Eu acho que nós temos de ter a capacidade para nos organizarmos. Nós somos poucos, é verdade, mas seremos menos se não nos organizarmos e se nos dividirmos. É fundamental que nós percebamos que só é possível que alguma coisa aconteça no nordeste transmontano e no interior do país, se as pessoas que lá vivem, se mobilizarem. Ninguém nos dá nada. A sociedade é uma permanente disputa como outra coisa qualquer. É verdade que em teoria o Estado deve exercer o poder regulador. Equilibrar é tirar onde há mais e por onde há menos mas, na realidade, o Estado é empurrado pelas mesmas forças que empurram a sociedade, que emergem da própria sociedade, tem a ver com forças de mercado, tem a ver com forças sócias, tem a ver com forças sindicais, tem a ver com forças políticas.
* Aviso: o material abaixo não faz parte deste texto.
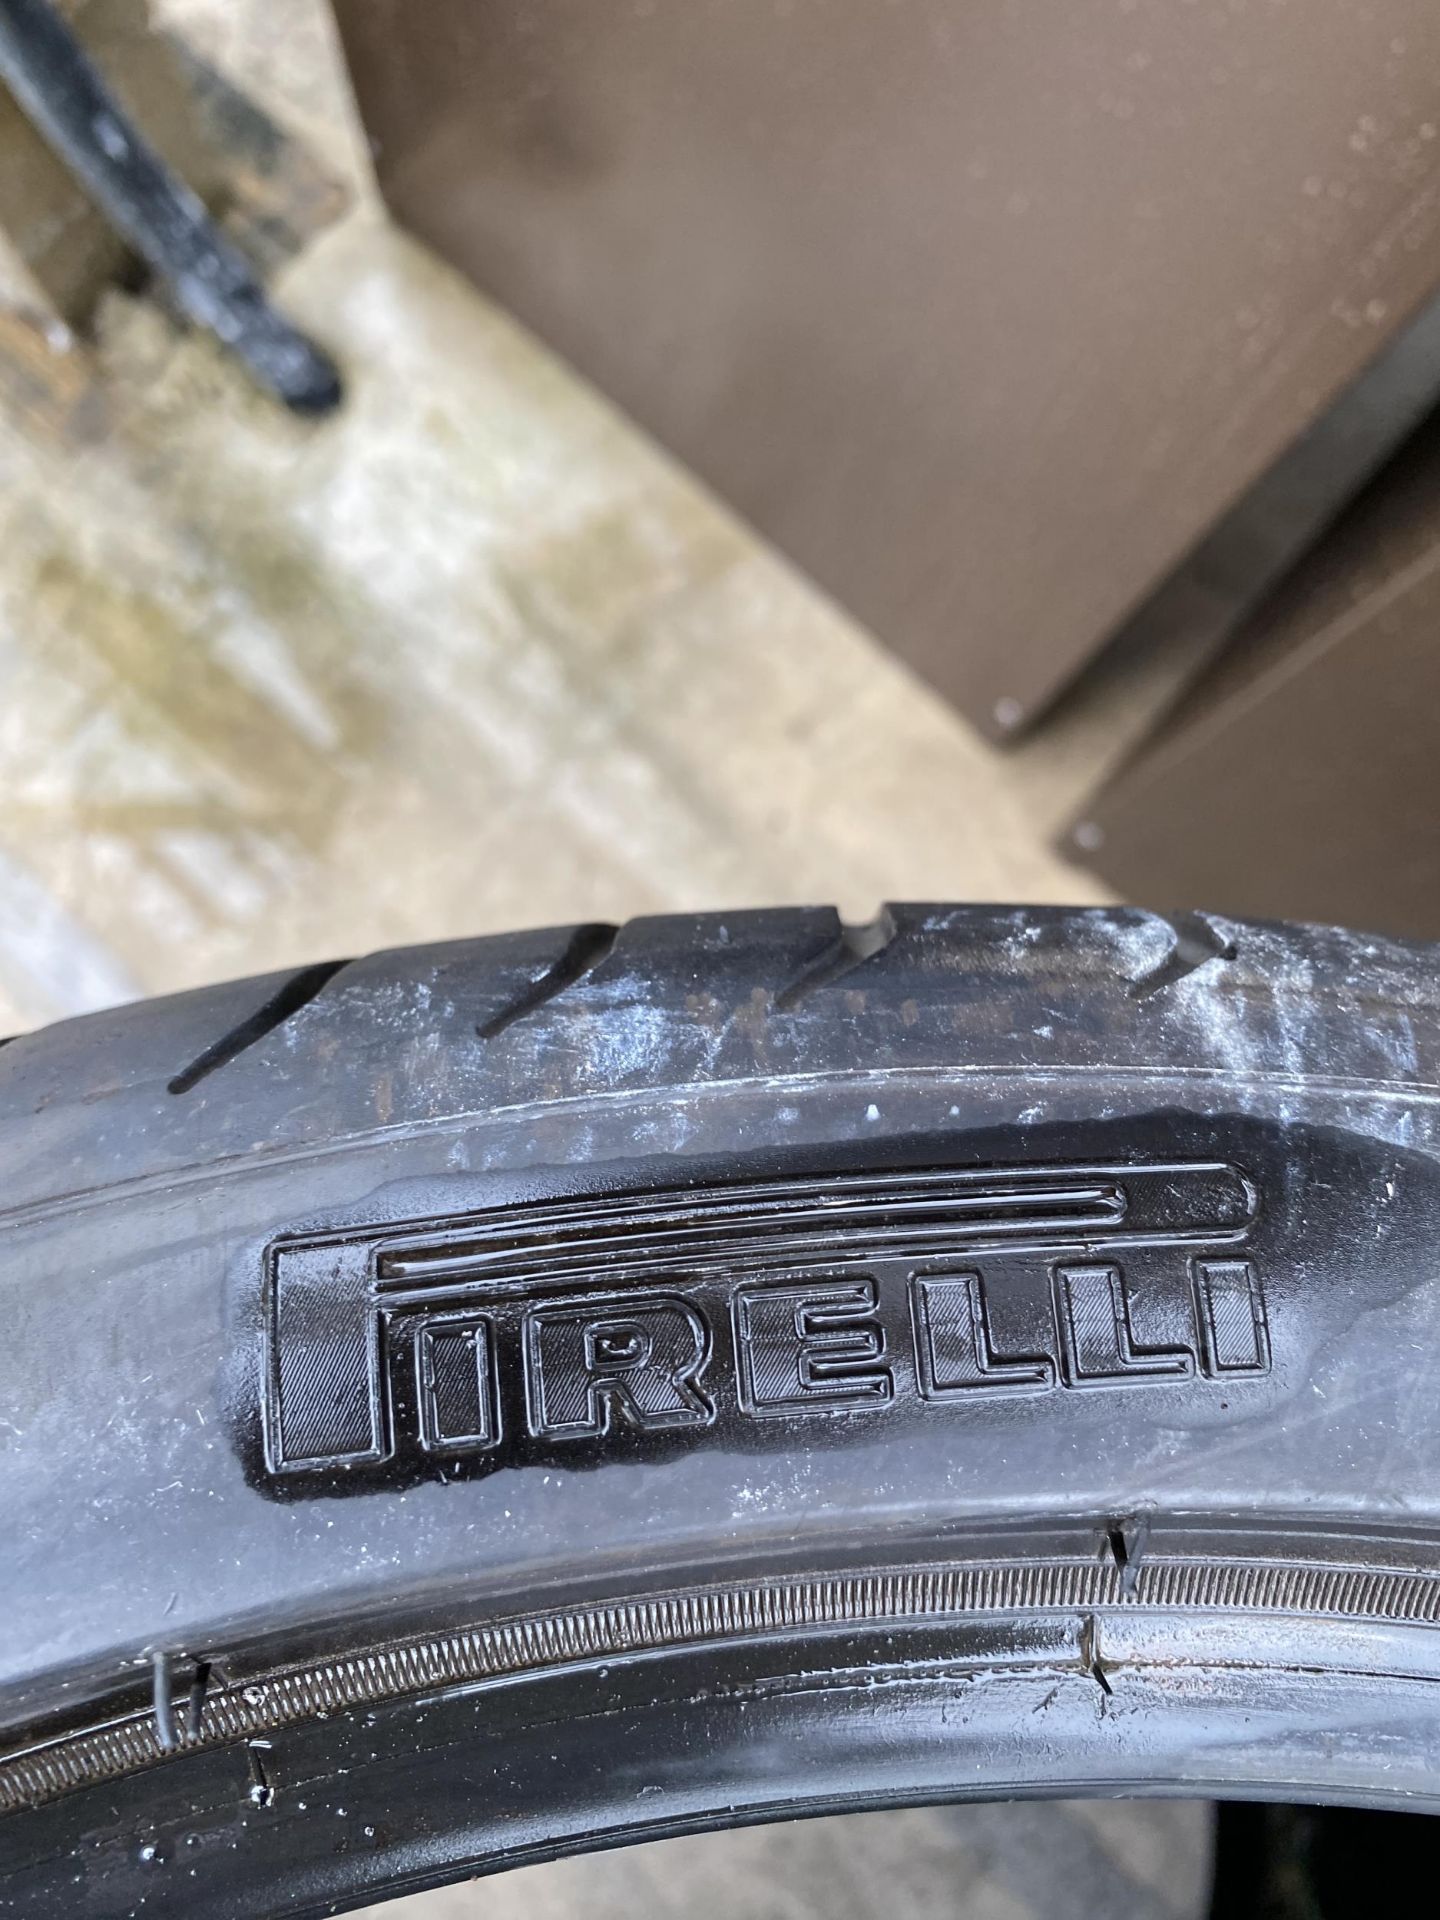 TWO PART WORN PIRELLI 295/30 ZR19 LOW PROFILE TYRES - Image 3 of 4
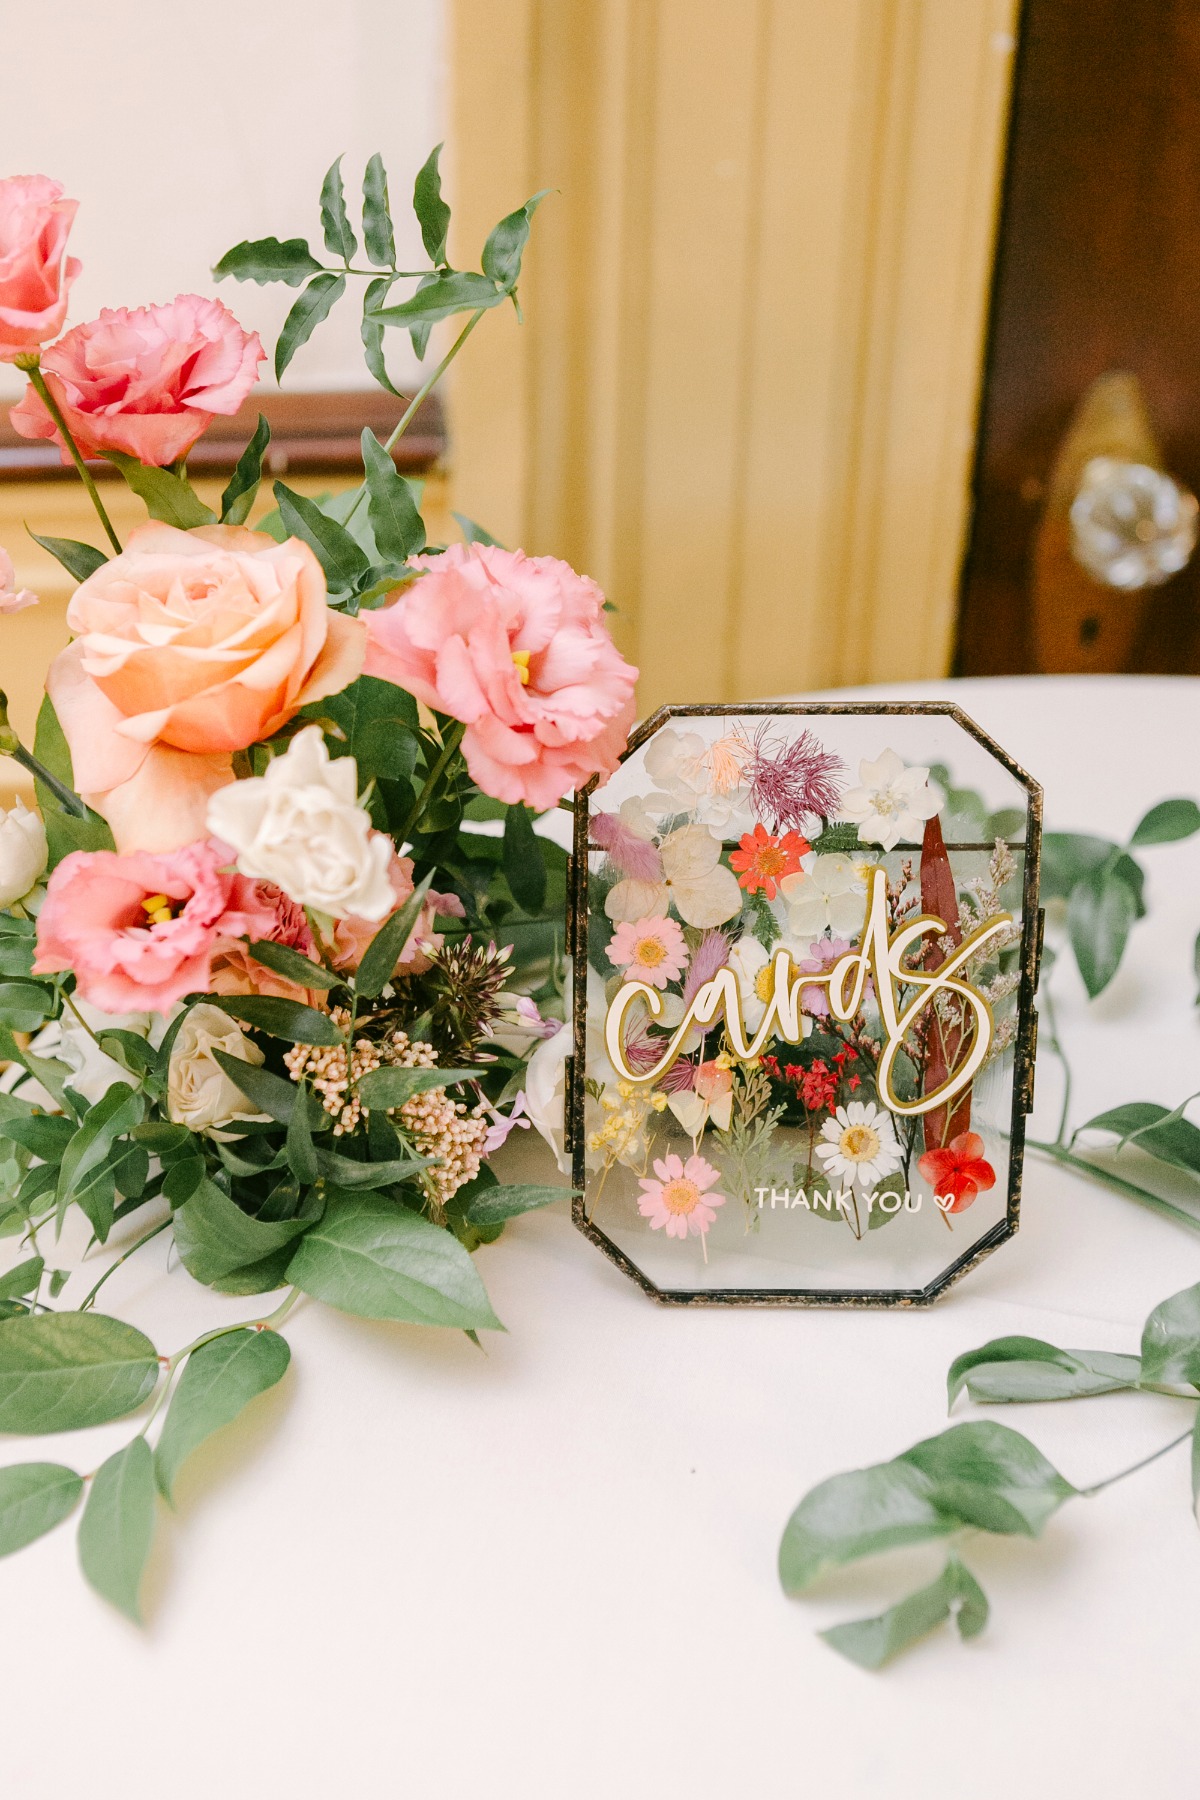 Reception card table sign with floral arrangement

O Estado é empurrado por essas forças para determinados sentidos e nós aqui, no interior do país e, particularmente, no nordeste transmontano, também temos que criar alguma capacidade de alavancagem, criar aqui alguma capacidade de organização, de nos organizarmos para que aqui sejam feitas e aconteçam, também, coisas que possam sustentar a manutenção da nossa sociedade local e regional porque as sociedades reproduzem-se, é preciso fazê-las reproduzir e fazer reproduzir uma sociedade é fazer com que as gerações mais novas continuem a ficar no sitio onde estão as mais antigas mas, para isso, é preciso que sejam criadas oportunidades a essas pessoas. Essas oportunidades, dificilmente, serão criadas de forma voluntária por alguém de fora. Tem de ser alguém de dentro que estimule alguém de fora a que se venha a associar aos que já cá estão. Todas as políticas de repovoamento, todas as políticas de dinamização económica estiveram subjacentes a atitudes deste tipo. É sempre preciso que aqueles que estão numa determinada região sejam capazes de apelar e de desenvolver iniciativas para que aqueles que estão fora também para lá venham e com isso começar a criar mais massa crítica e criar o entorno necessário para que se entre no tal patamar, a partir do qual, as coisas são sustentáveis mas, essa é que é a parte difícil, é que nós somos poucos e não nos sabemos organizar.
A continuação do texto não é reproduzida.